*BRIEF*
From the data below, repeat everything exactly except the images.

*MATERIAL PROVIDED*
***

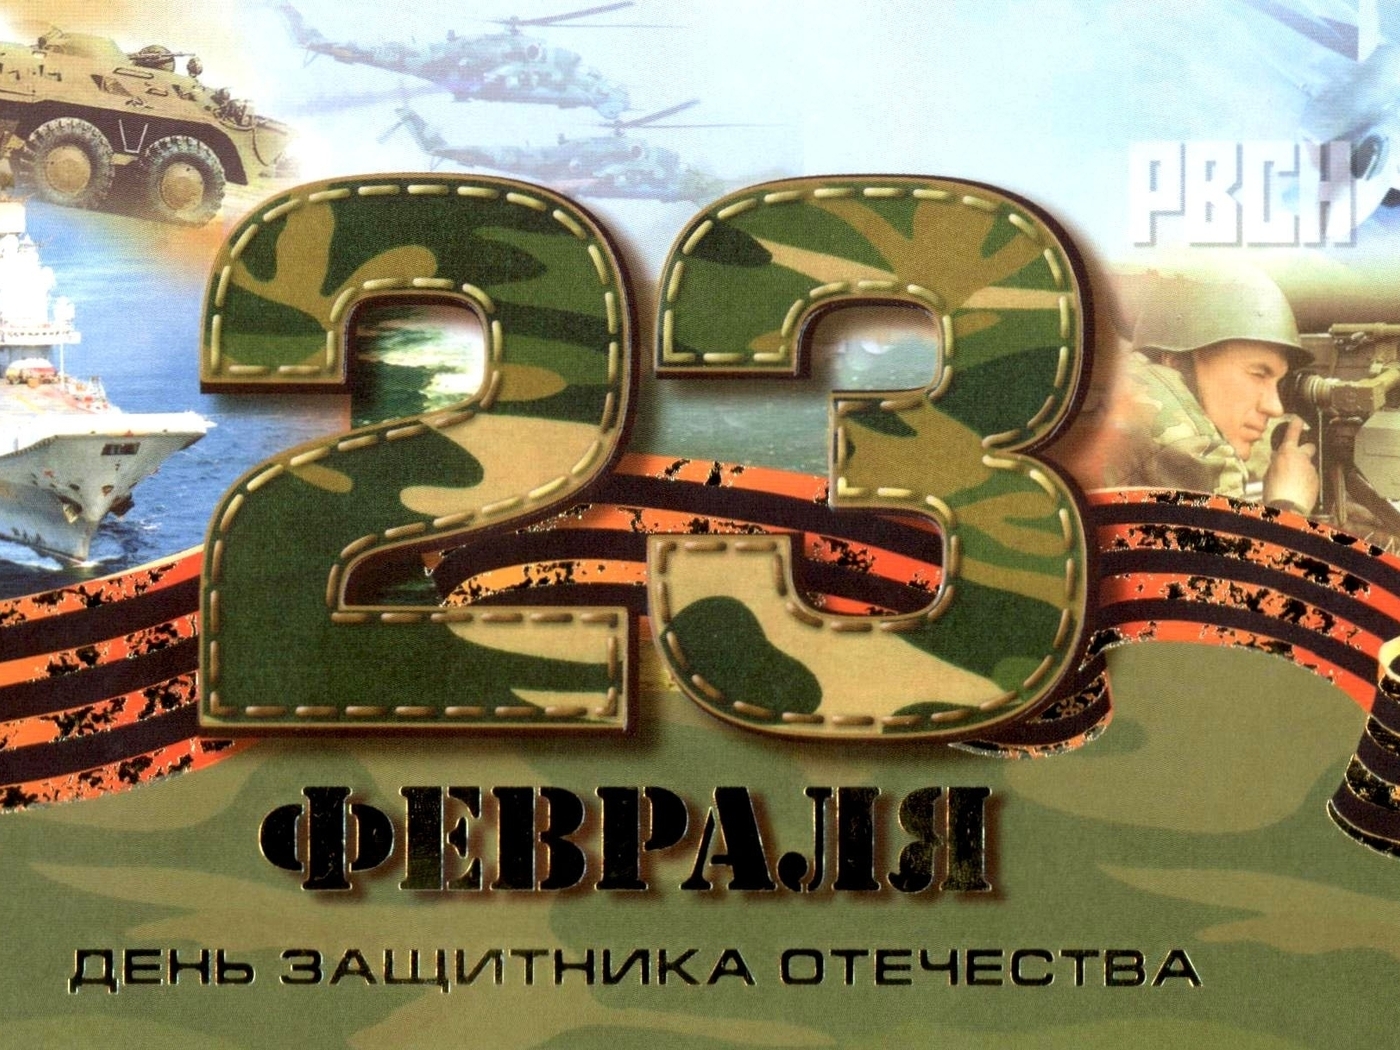 Image: Day of Defender of the Fatherland, holiday, 23 February
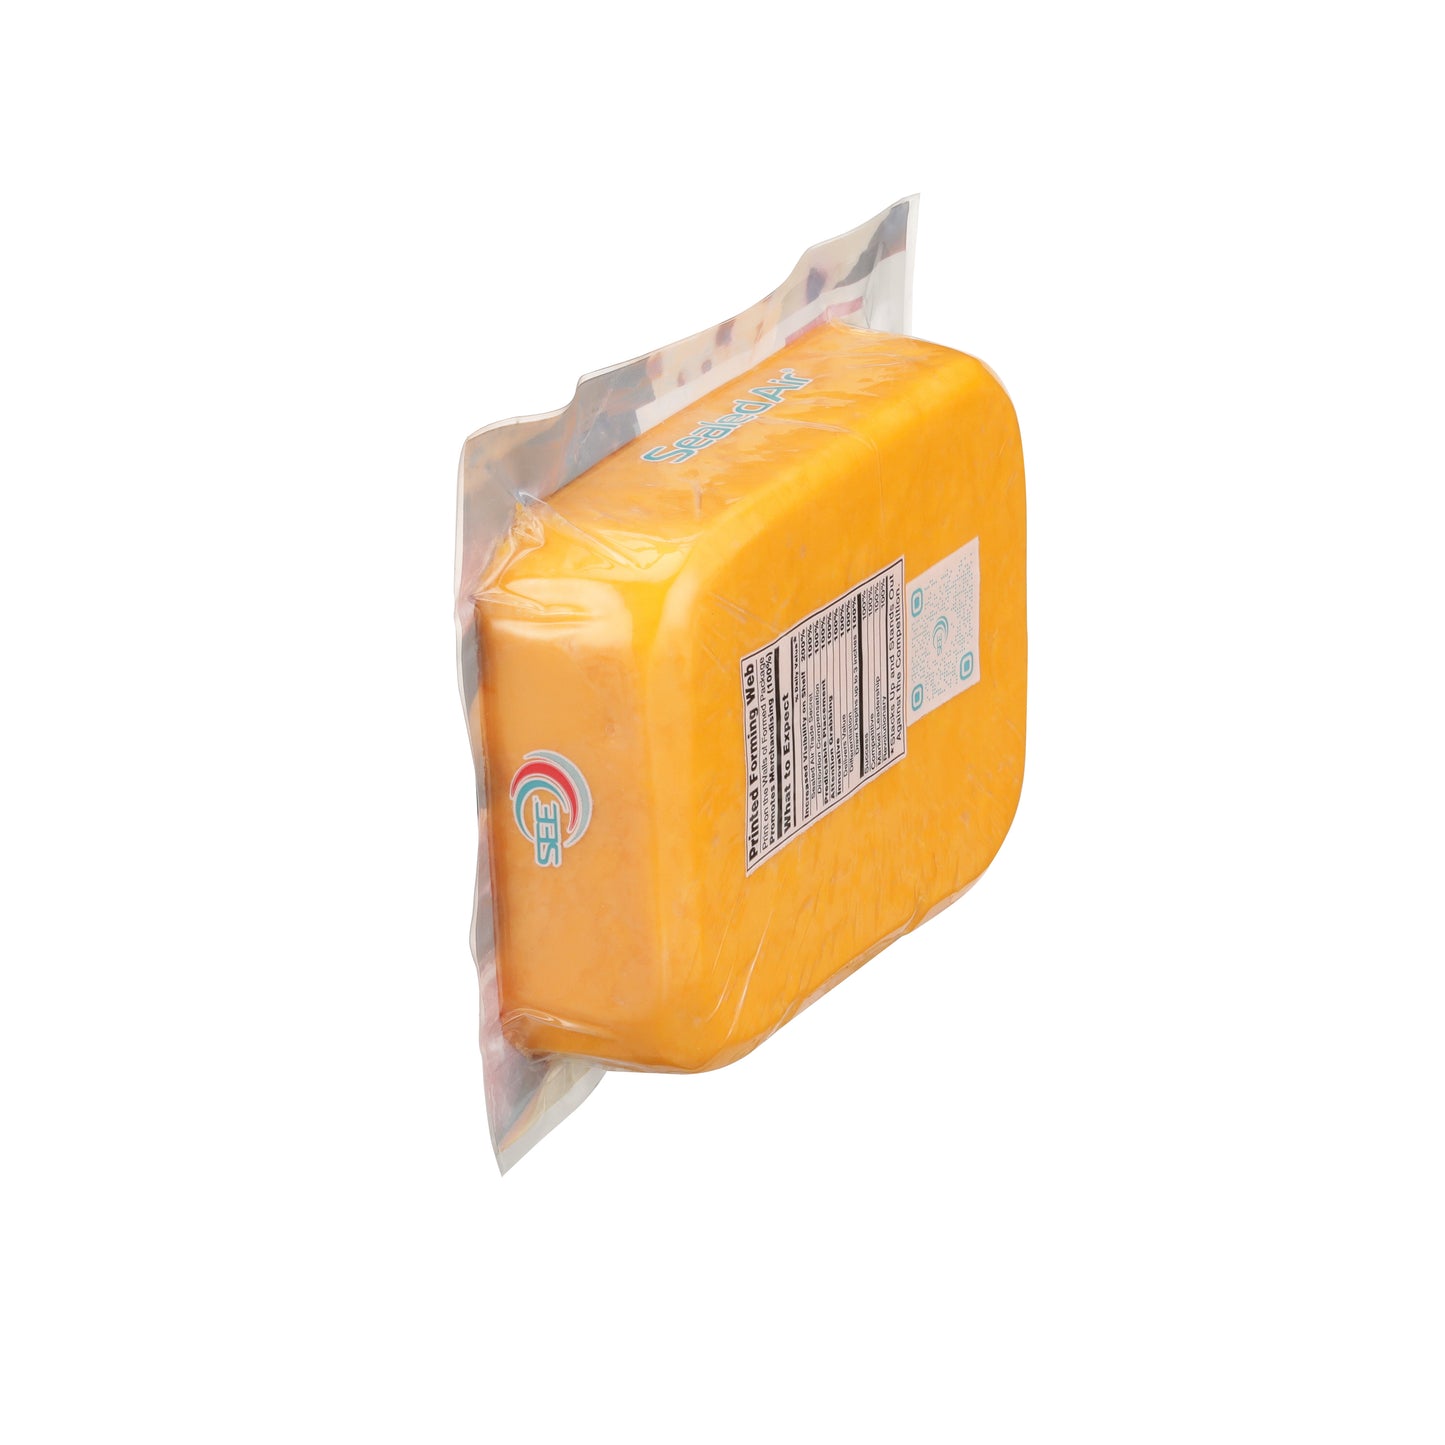 CRYOVAC® Brand T-Series Flexible Rollstock for Cheese
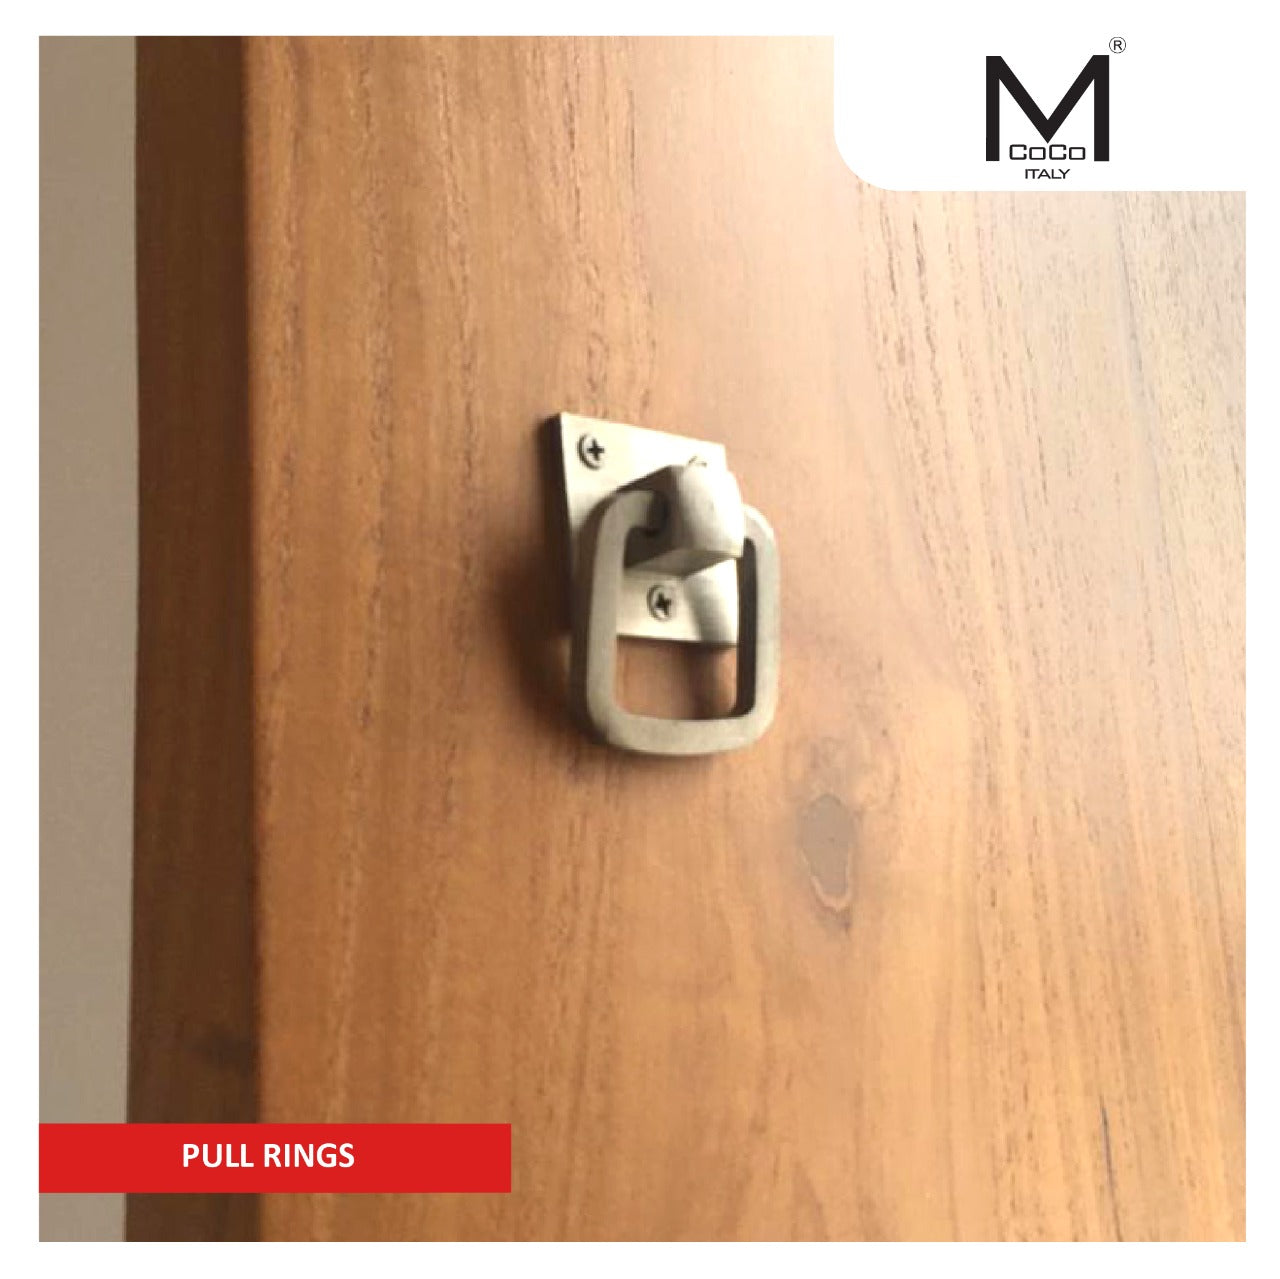 Stylish and durable Mcoco Pull Rings for cabinets and drawers at M. M. Noorbhoy & Co.

***

*ANSWER TO THIS PROBLEM*
 Image: Day of Defender of the Fatherland, holiday, 23 February
 CRYOVAC® Brand T-Series Flexible Rollstock for Cheese
 Stylish and durable Mcoco Pull Rings for cabinets and drawers at M. M. Noorbhoy & Co.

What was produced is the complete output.